According to Seforno, “walking with God” cannot possibly refer to isolation, but must absolutely refer to active involvement and genuine concern.

           The opening verse of Parashat Noach describes Noach as a “righteous man” who “walked with God” (“et ha-Elokim hit’halekh Noach”).  Seforno explains “walking with God” to mean, “He followed His ways, helping others and rebuking his contemporaries.”  As opposed to other commentators, who portray Noach as disengaged from his society and apathetic to the moral decline that characterized his generation, Seforno maintains that the Torah specifically describes Noach as a sensitive, engaged individual who treated others with kindness and made a sincere effort to influence them positively.  Seforno makes a similar comment earlier (5:24) in explaining the Torah’s description of Chanokh as “walking with God.”  There, too, Seforno explains this phrase as referring to kindness and an attempt to exert positive influence.

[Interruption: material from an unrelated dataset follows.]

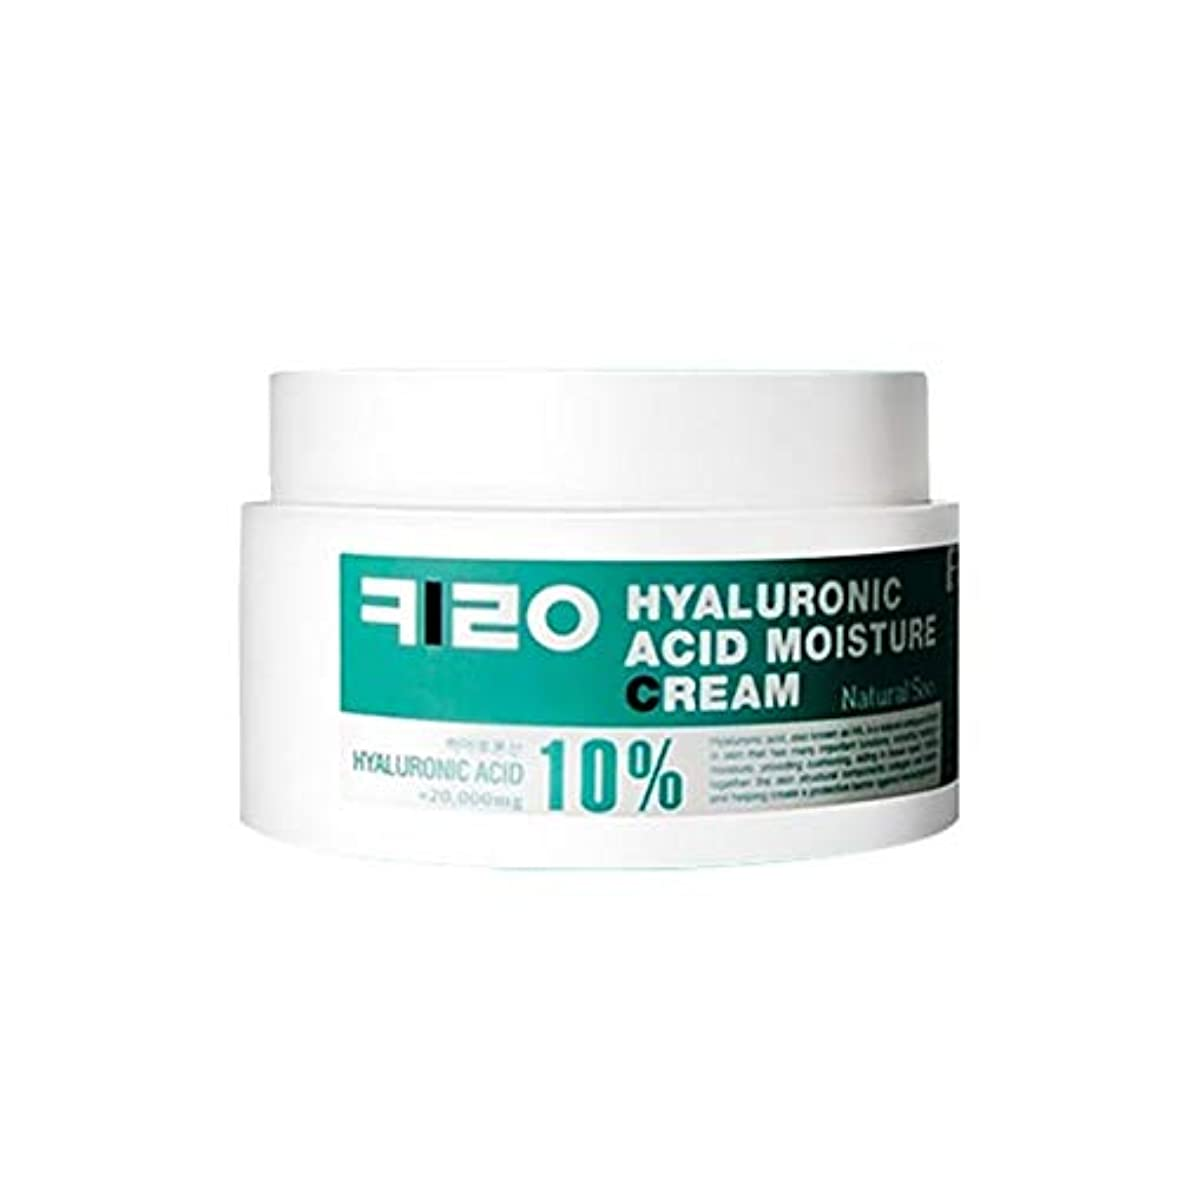 隠された知事アラブ人ナチュラルSooキーロヒアルロン酸モイスチャークリーム200g韓国コスメ、Natural Soo Hyaluronic Acid Moisture Cream 200g Korean Cosmetics [並行輸入品]

            Both these men, Noach and Chanokh, were eventually separated from the people of their time because of their exceptional piety.  Noach was protected from the floodwaters which ravaged his contemporaries by being secluded in an ark, and Chanokh, as Rashi explains, was taken to Gan Eden alive so he would not fall prey to the negative influences of the people of his time.  We might have assumed – and some sources indeed express this view – that Chanokh and Noach were permanently separated from their contemporaries specifically because they had chosen to separate themselves.  As righteous men living in a corrupt, sinful world, they chose disengagement and detachment, and God advanced this process further by extracting them permanently from the rest of the world.  This reading might seem consistent with the phrase “walk with God,” which could be understood to mean adhering to God to the exclusion of other people, distancing oneself from society for the purpose of clinging to spirituality.

Seforno, however, apparently could not countenance such an interpretation.  In his view, “walking with God” can only mean adhering to the Almighty’s example of kindness, sensitivity and direct, intensive involvement in human affairs.  If a person clings to God, then he does what God does – he compassionately cares for other people and seeks to provide their needs.  Just as God descends, so-to-speak, to care for human beings, people who “walk with God” are those who – not despite their lofty stature of piety, but specifically because of their lofty stature of piety – are engaged with society and with people of all kinds in order to care for them and benefit the world.  According to Seforno, “walking with God” cannot possibly refer to isolation, but must absolutely refer to active involvement and genuine concern.